REUTERS

By Adrian H. Halili, Reporter

THE government of President Ferdinand R. Marcos, Jr. should review its rice program before extending Rice Competitiveness Enhancement Fund (RCEF), industry experts said at the weekend.

“RCEF should be extended, but we should undertake a thorough review not only of RCEF but of the whole rice program of the Department of Agriculture to find out why it has not been working as expected and what changes need to be introduced,” Raul Q. Montemayor, national manager of the Federation of Free Farmers, said in a Viber message.

Last week, Senator Cynthia A. Villar said she would propose another six-year extension of the rice competitiveness fund, with a higher yearly budget of P20 million from P10 million.

Mr.

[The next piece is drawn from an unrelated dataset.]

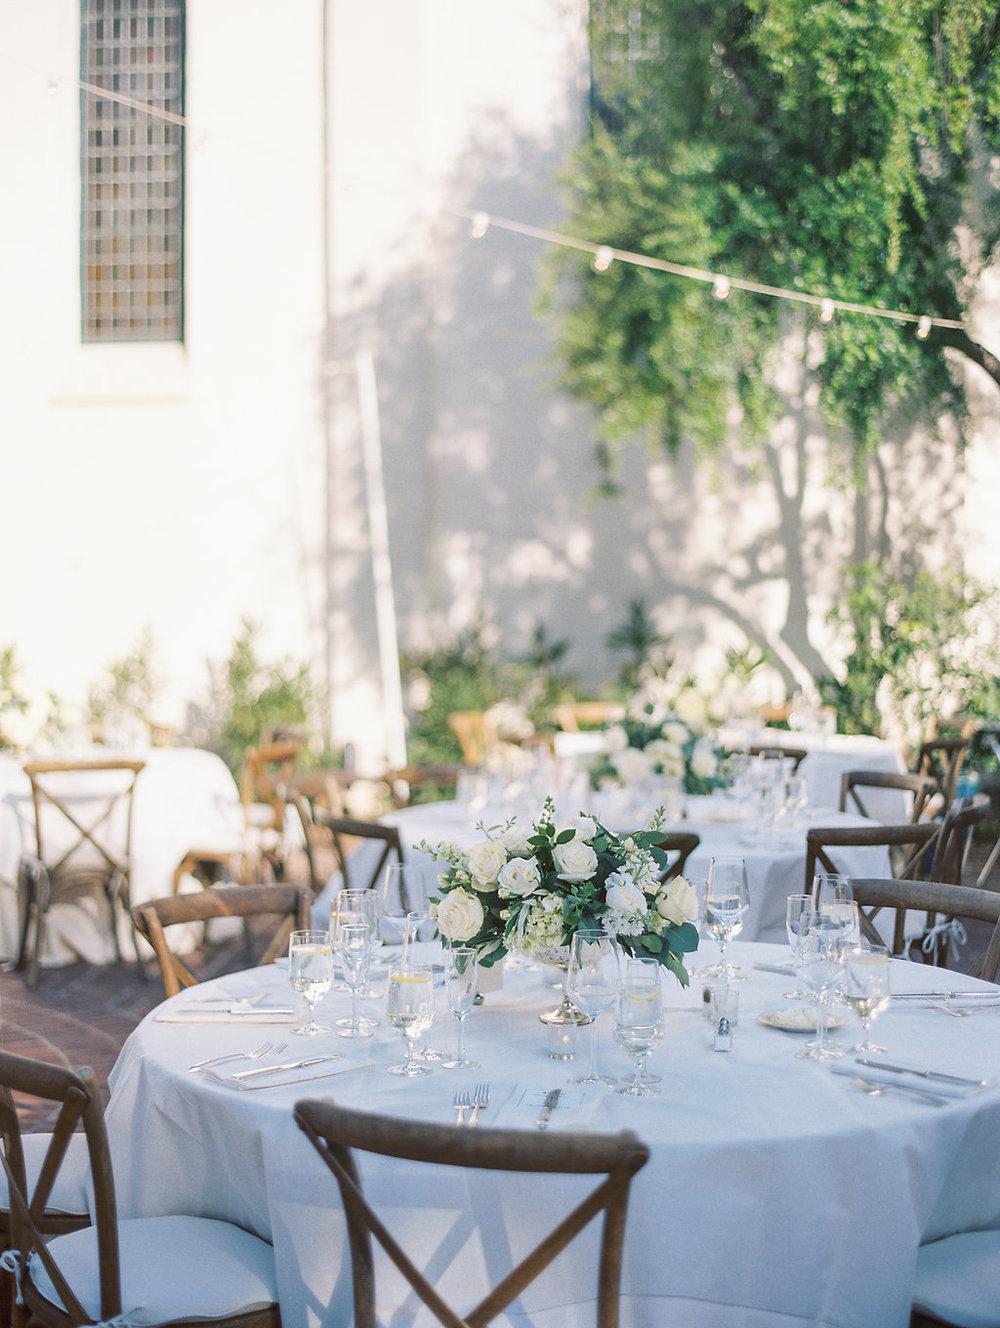 www.santabarbarawedding.com | Unitarian Society | Percy Sales | Steven Leyva | Reception Table

Montemayor said the program has yet to attain its objective of boosting the competitiveness of rice farmers “despite the billions of pesos poured into the various programs.”

“For rice farmers to attain higher income, they will have to pursue rice-based crop diversification, that is, planting other high-value crops in between two cropping seasons of rice,” former Agriculture Undersecretary Fermin D. Adriano said in a Viber message. “That is what is being done in Vietnam and Thailand.”

“For marginal rice lands where water is scarce, shift to planting high-value crops. Whether this happens will depend on the Agriculture department pushing it,” he added.

The rice program is meant to modernize the rice industry and is funded by import tariffs for rice under the Rice Tariffication Law. The Bureau of Customs collected P30 million in rice tariffs last year.

The fund supports the supply of P10 million worth of machinery, seeds and fertilizers, among other things, to rice. The tariff allocations under RCEF are set to expire in June.

The Rice Tariffication law, which took effect in 2019, allowed private traders to bring in rice shipments without restriction.

“It should continue to give focus on the rice farmers tilling two hectares and below, while those tilling more than two hectares should be given more opportunity to secure credit from Land Bank of the Philippines or Development Bank of the Philippines,” former Agriculture Secretary William D. Dar said in a text message.

He added that the rice program should also allot funding for balanced fertilization, integrated pest management and crop diversification, while reducing the budget for mechanization.

The Philippine Center for Postharvest Development and Mechanization gets P5 billion yearly so it can buy farming equipment and machinery.

The Agriculture department expects palay or unmilled rice output to hit 20 million metric tons (MT) this year from 20.06 million MT last year.